Brussels, 20 May 2021
Greenpeace “Trashed” Report
PlasticsEurope condemns the illegal trade of plastic waste
PlasticsEurope condemns the illegal dumping of plastic waste. It is distressing that this environmental and societal issue continues to heavily impact countries lacking the waste enforcement capacities and suitable infrastructure to prevent the trade of illegal waste and its thoughtless discard into the environment. We call for stricter enforcement of the controls on its shipment and work collaboratively with enforcement authorities at a country level to tackle this issue.
The Interpol report on illegal plastic waste exports issued in August 2020 flagged a significant increase in plastic waste crime. We welcomed the Report’s conclusions and have expressed since then the urgency to increase enforcement of existing global and national legislation on waste trade which PlasticsEurope fully backs.
Virginia Janssens, PlasticsEurope Managing Director, stated: “More radical measures are needed to stop this issue. This is why we also urged the international community to step up the development of efficient monitoring systems to tackle the lack of waste traceability and to improve collection of reliable data.”
We reiterate our determination to collaborate with the waste industry sector in the elaboration, development and implementation of a global certification platform for recycling which we believe will help reduce the illegal waste trade issue. Encouragingly, according to Plastics – the Facts 2020, plastic waste exports outside the EU have decreased by 39% from 2016 to 2018. However, we continue to advocate for the further reduction of exports outside the EU and to recycle such materials at a domestic level in order to further stimulate Europe’s transformation into a circular economy.
As an industry, we are transitioning to a circular economy and working with all players (governments, whole value chain, local communities, NGOs) is key to truly deliver one circular vision. We are playing our part in tackling the plastic pollution and stepping up efforts in this direction requires many solutions to also mitigate the impact of fraudulent plastic waste exports.
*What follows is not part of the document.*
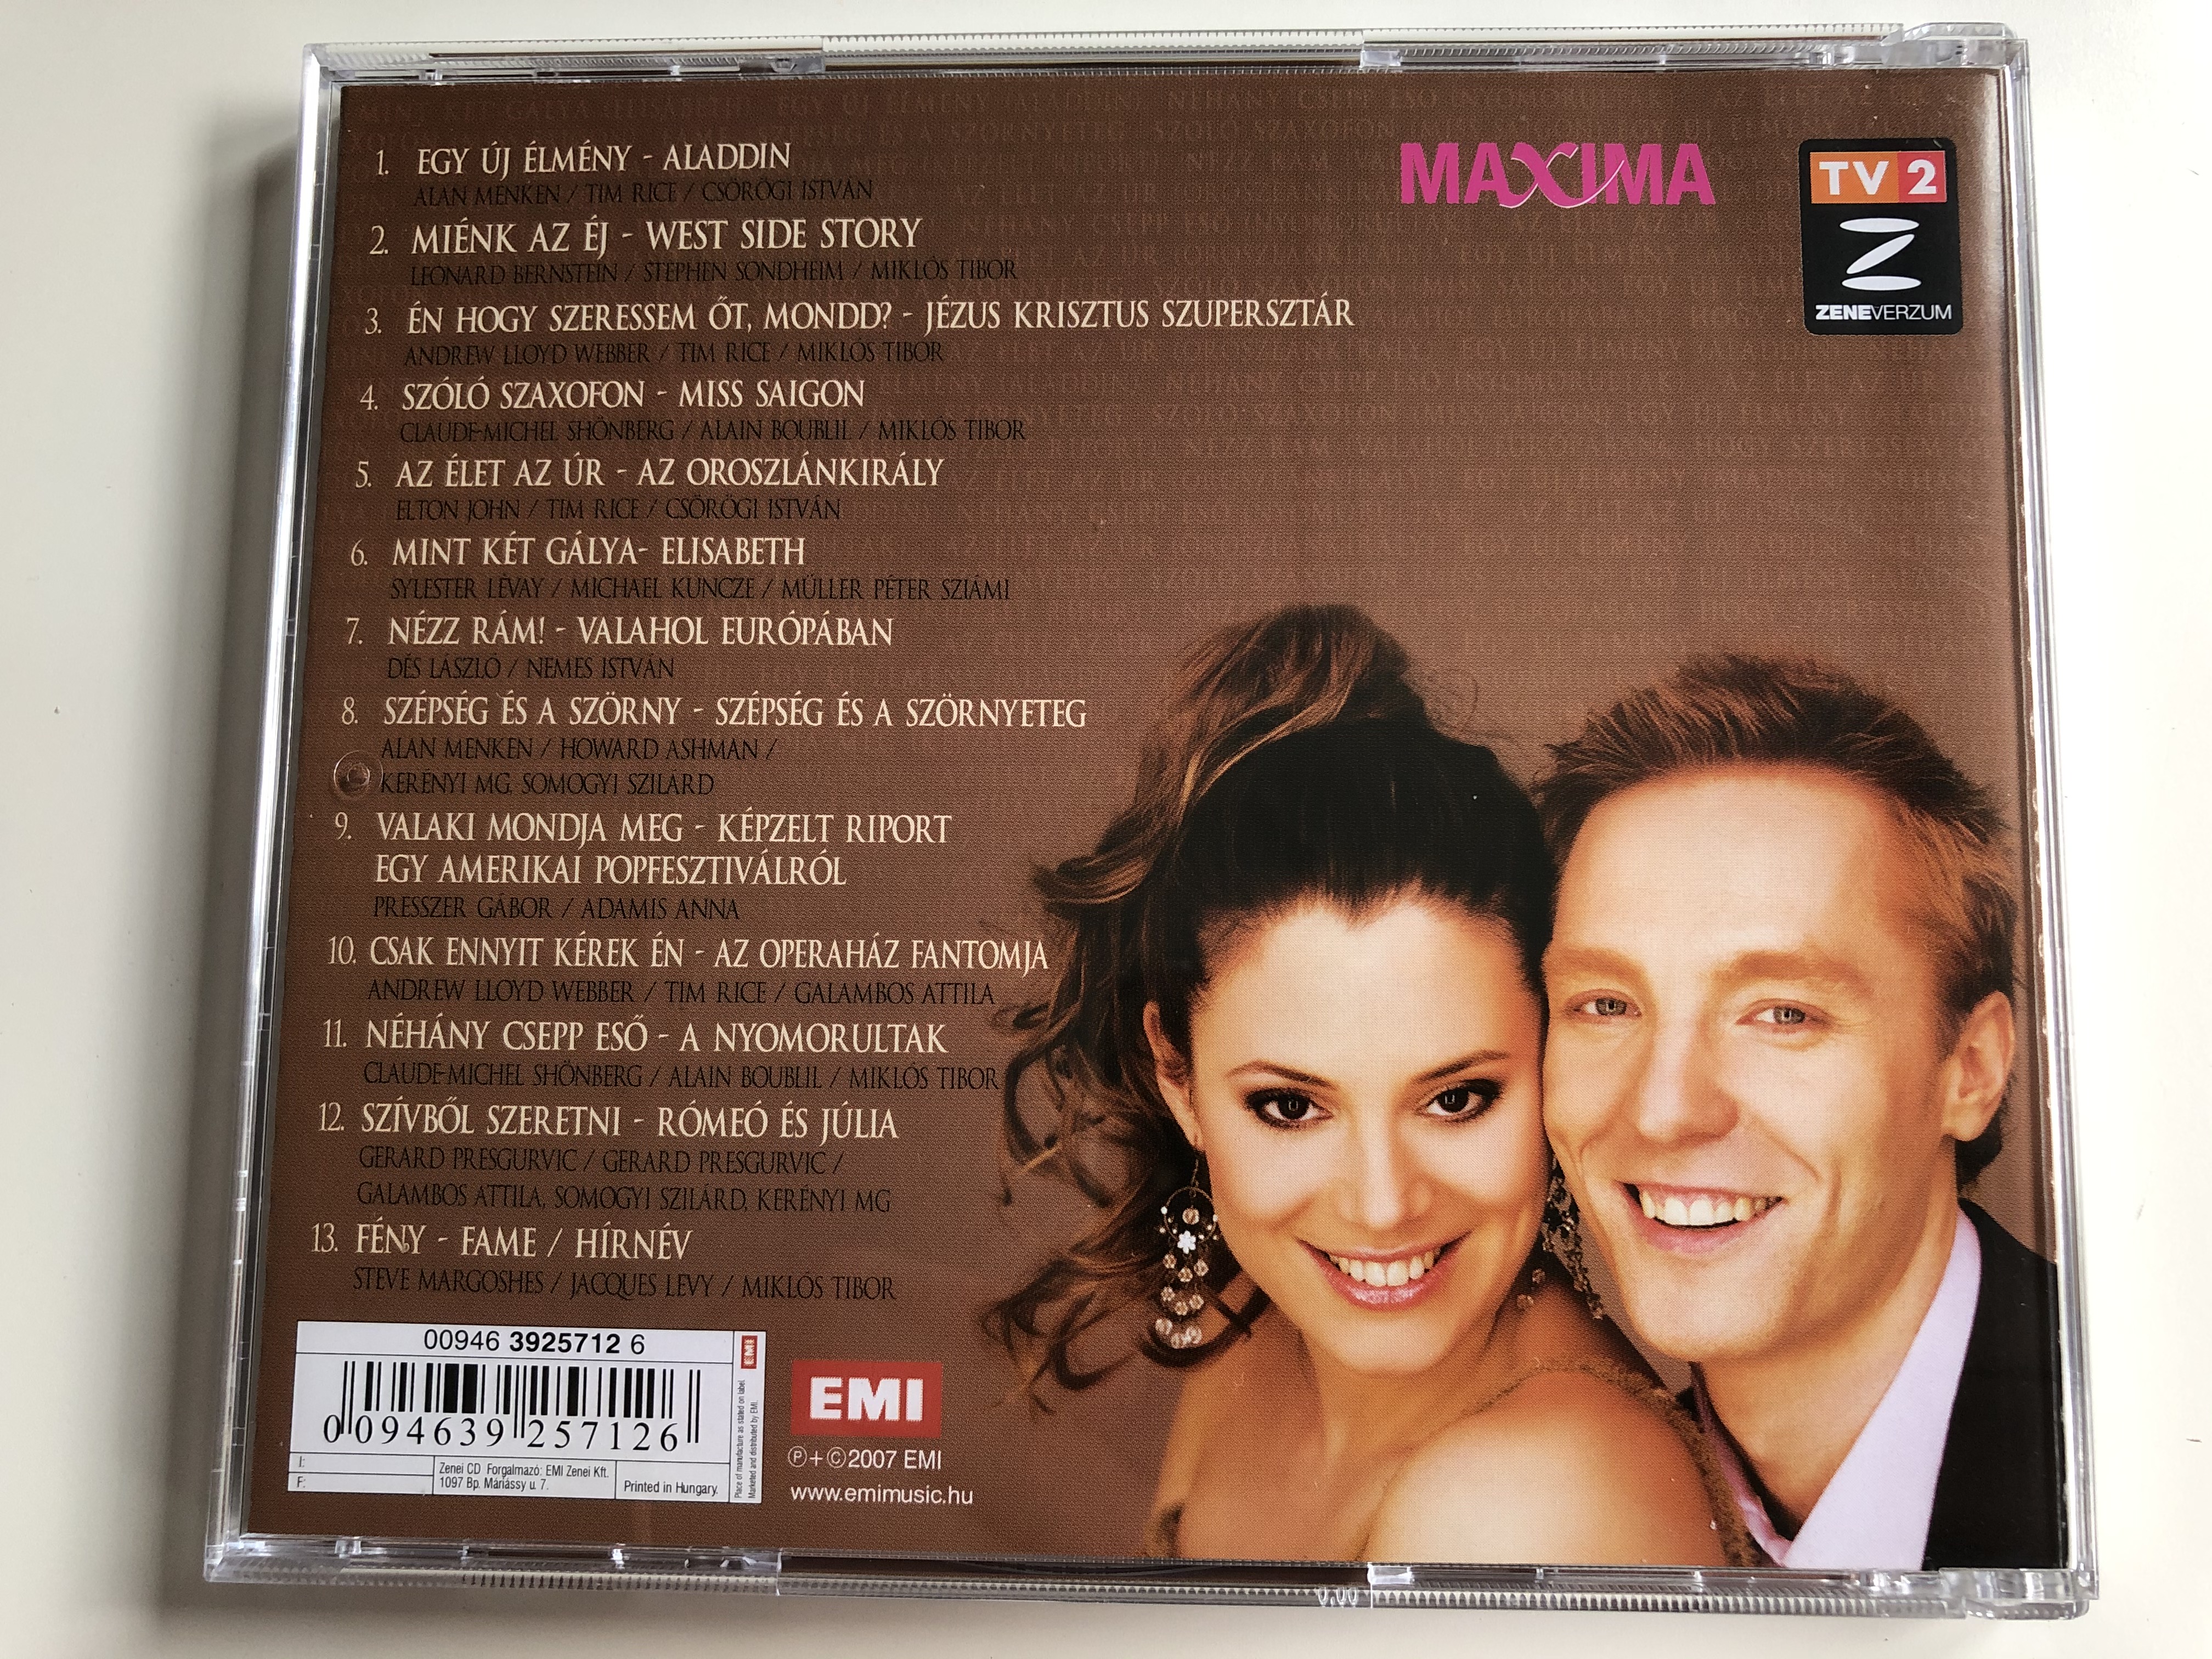 bereczki-zolt-n-szinet-r-d-ra-musical-duett-emi-audio-cd-2007-392571-2-3-.jpg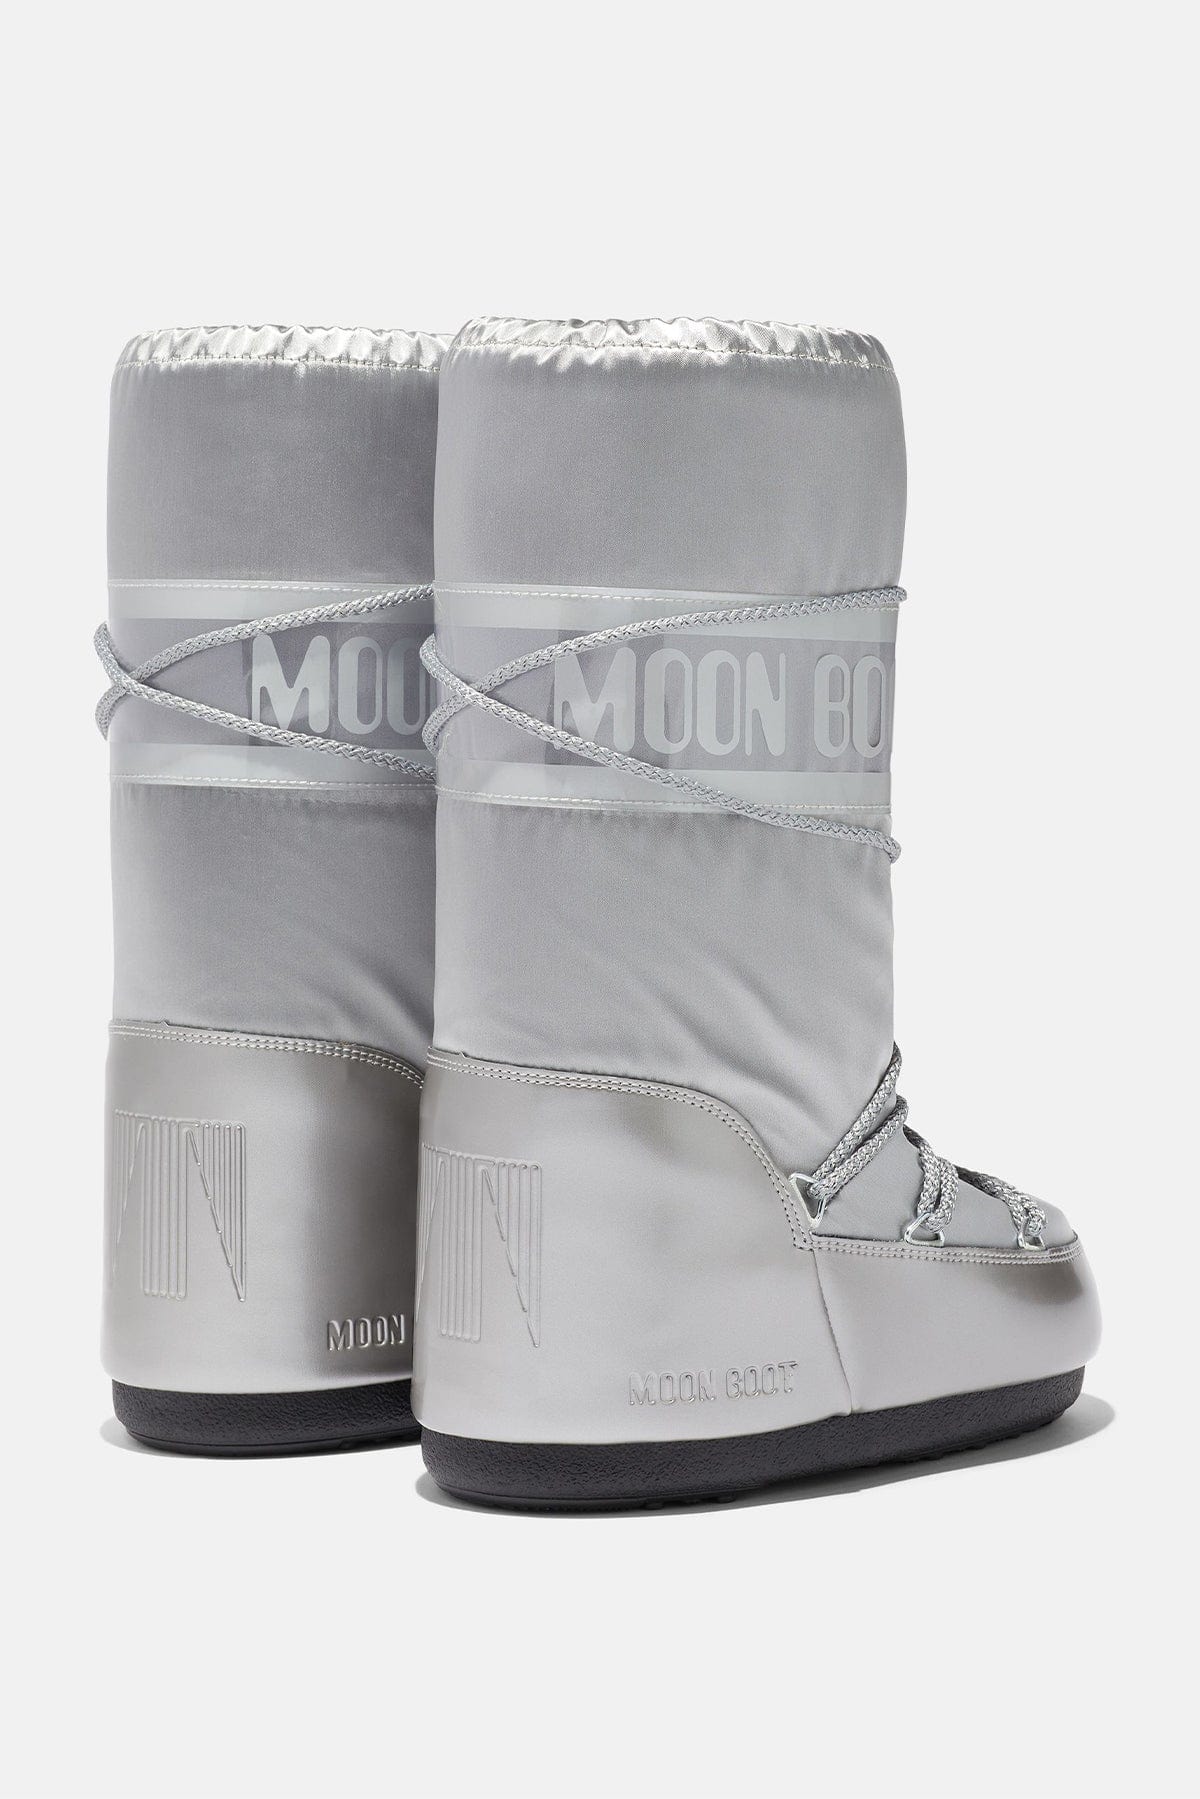 MOON BOOT CALZATURE  Moon Boot Alti Icon Glance

“We need the right mechanisms in place that include innovative technologies, such as chemical recycling, and new waste minimisation business models. To facilitate domestic recycling, appropriate legislation is needed to rapidly remove remaining barriers to intra-EU movement of waste for recycling.”, added Virginia Janssens, PlasticsEurope Managing Director.
As plastics manufacturers, we are investing billions of Euros in capacity for chemical recycling, to complement mechanical recycling. A recent survey conducted amongst our members shows the strong determination of the industry to continue investing in chemical recycling, with planned investments in Europe of more than 7 billion Euros by 2030. The aim is to deliver significant quantities of recycled plastics with virgin plastic properties.
Another example of successful partnership along the value chain is the European Commission’s Circular Plastics Alliance. As a proud member, we are playing a leading role in this alliance to help reaching the target of 10 million tonnes recycled plastics being used in European products by 2025.